If the PACE loan is structured as a subordinate lien or unsecured loan, the first mortgage loan may be underwritten to Fannie Mae’s standard guidelines.
However, for PACE loans originated prior to July 6, 2010, Fannie Mae waives the uniform security instrument prohibition against a PACE loan with lien priority if the corresponding mortgage loan was purchased before July 6, 2010 or is in an MBS pool with an issue date on or before July 1, 2010.

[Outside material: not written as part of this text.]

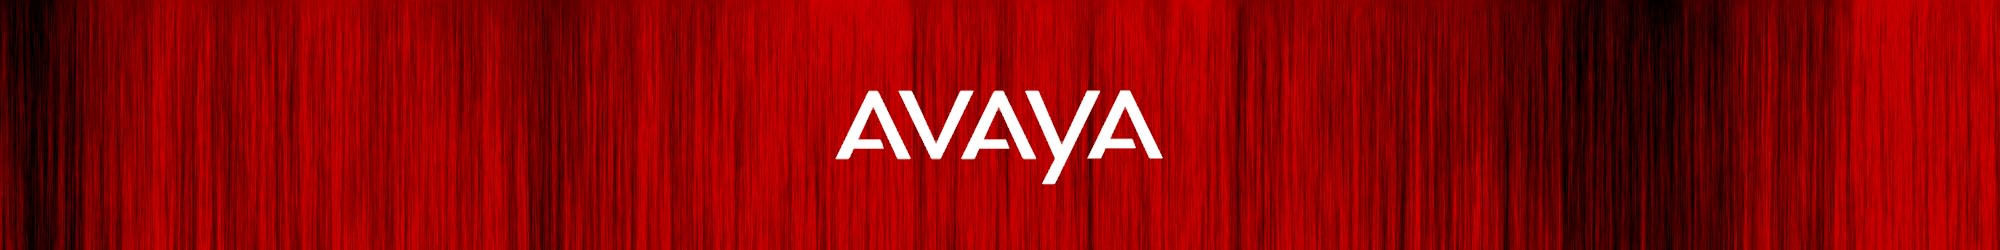 Avaya Telephone Systems

The following requirements apply to borrowers with loans that are owned or securitized by Fannie Mae who seek to refinance and who obtained a PACE loan prior to July 6, 2010:
Paying off the PACE loan: The lender must first attempt to qualify the borrower for either a cash-out or limited cash-out refinance option, with the PACE loan being paid off as part of the refinance. To mitigate the risk posed by PACE obligations that take lien priority over the mortgage, Fannie Mae requires that borrowers with sufficient equity pay off the existing PACE obligation as a condition to obtaining a new mortgage loan. The prohibition against using the proceeds of a limited cash-out refinance to pay off a loan not used to purchase the property will not apply.

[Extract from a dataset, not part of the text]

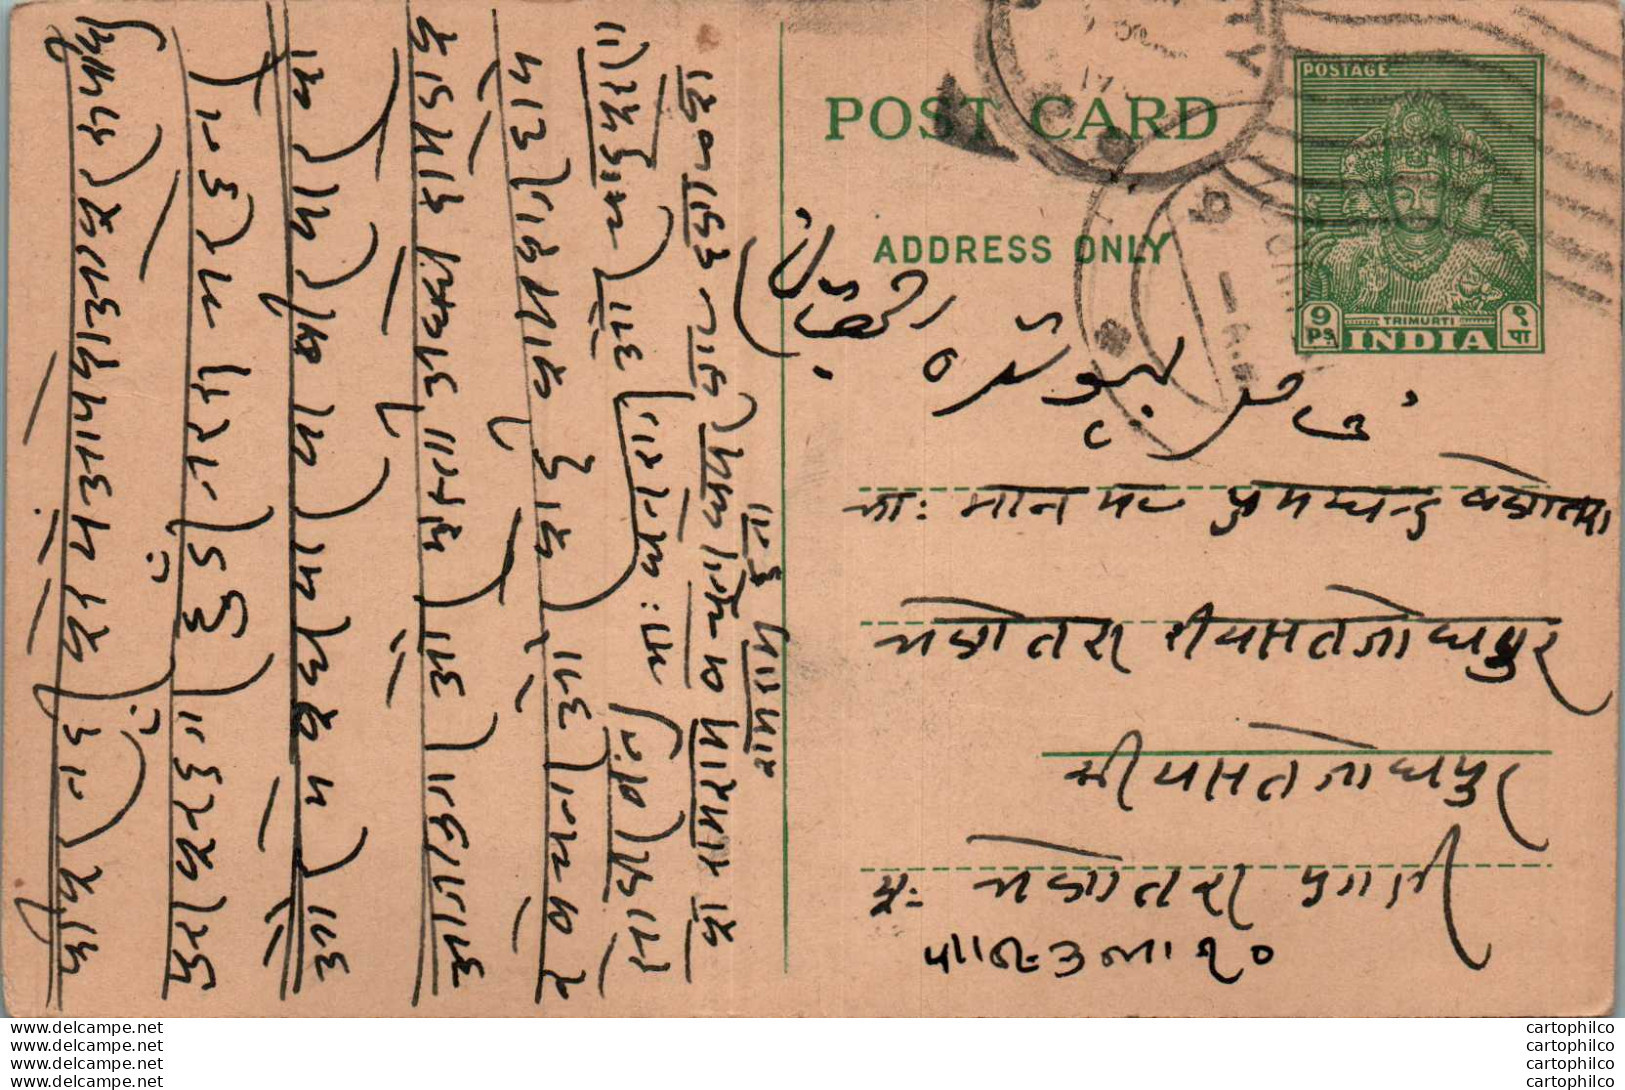 India Postal Stationery 9p - Postkaarten

Loan casefiles underwritten in DU as a limited cash-out refinance may receive an Ineligible recommendation when it appears the borrower is receiving more than 2%/$2,000 cash back due to the payoff of a PACE loan. The lender may deliver the loan with the Ineligible recommendation and retain the DU limited waiver of underwriting representations and warranties provided that the mortgage loan meets the requirements of this Guide, including (but not limited to) A2-2-04, Limited Waiver and Enforcement Relief of Representations and Warranties for Mortgages Submitted to DU
Retaining the PACE loan: If the borrower is unable to qualify for a cash-out or limited cash-out refinance with sufficient proceeds to pay off the PACE loan, the lender may underwrite the loan as a limited cash-out refinance, with the PACE loan remaining in place. In these cases, it will not be necessary to include the PACE loan in the calculation of the CLTV ratio, though it must be included in the monthly housing expense (PITIA) and debt-to-income calculation.
For those eligible limited cash-out refinances where the PACE loan remains in place, the loans must be delivered with SFC 173.